Göttinger Sudelblätter

Fussball literarisch

von

Der Autor läßt Höhen und Tiefen ballorientierter Literatur ‚Paroli laufen‘ (Horst Hrubesch), ohne dabei das Wesentliche aus dem Blick zu verlieren: ‚Es sind Worte gefallen. Jetzt werden Taten fallen!‘ (Huub Stevens)

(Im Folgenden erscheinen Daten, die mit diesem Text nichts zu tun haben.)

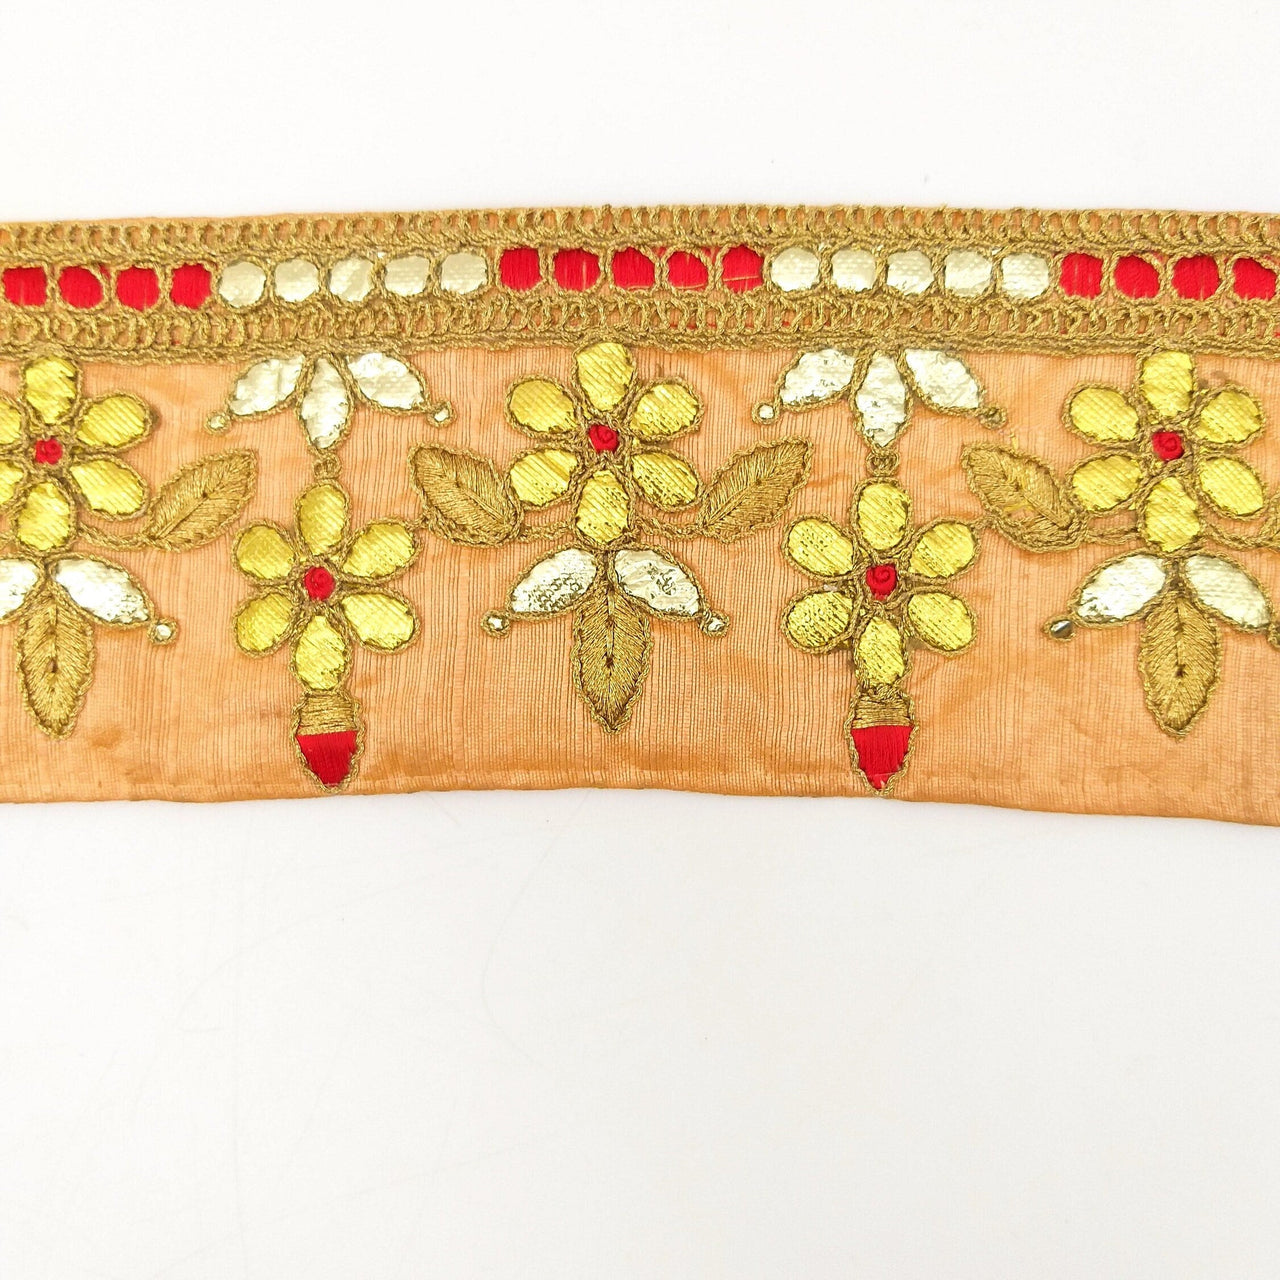 Orange Art Silk Fabric Trim, Red & Gold Floral Embroidery Gota Patti Indian Sari Border Trim By Yard Decorative Trim Craft Lace

‚Sinnloser als Fußball ist nur das Reden über Fußball.‘ Mit diesem Bonmot Martin Walsers beginnt Andreas von Seggern seinen Essay, in dem er nach Spuren dieses Sports im dichterischen Schaffen deutscher Schriftsteller sucht. Er wird vielfach fündig, aber es gefällt ihm häufig nicht, was er findet: Deutsche Dichter stehen im Abseits, wenn es literarisch um Fußball geht. Sie verstehen Fußball und seine Fans meist nicht, wie Zitate von Koeppen, Böll, Grass oder Handke zeigen. Es gibt zwar auch die andere Seite – zu nennen sind Ödön von Horváth, Hugo Dittberner und Walter Jens –, dennoch läßt der große deutsche Fußballroman noch immer auf sich warten.
Gründe dafür findet von Seggern nicht zuletzt in der deutschen Geschichte, und er kann hier mit überraschenden Funden aufwarten. So zitiert er etwa genüßlich aus dem ‚Deutschen-Fußball-Jahrbuch‘ von 1913, in dem sich der DFB als besonders patriotisch und kampfeslustig darstellt, um sich gegen die populäre Turnbewegung behaupten zu können. Von da an zeigt sich immer wieder der verhängnisvolle Einfluß der Politik auf den Fußball und damit auch auf dessen literarische Verwertbarkeit, ehe, zunächst 1954 und dann seit den 70er Jahren, Deutschland nicht nur ökonomisch sondern auch fußballerisch zu einem Erfolgsmodell wird.
Letztlich liest man aus jeder Zeile dieses amüsant-nachdenklichen Essays, daß hier ein Fan schreibt, dem hohe Literatur und trivialer Ballsport gleichermaßen am Herzen liegen. Und unter der Hand gerät dieser Essay so auch zu einer Studie über den schöngeistigen Fußballfan mit all seinen Nöten und Freuden.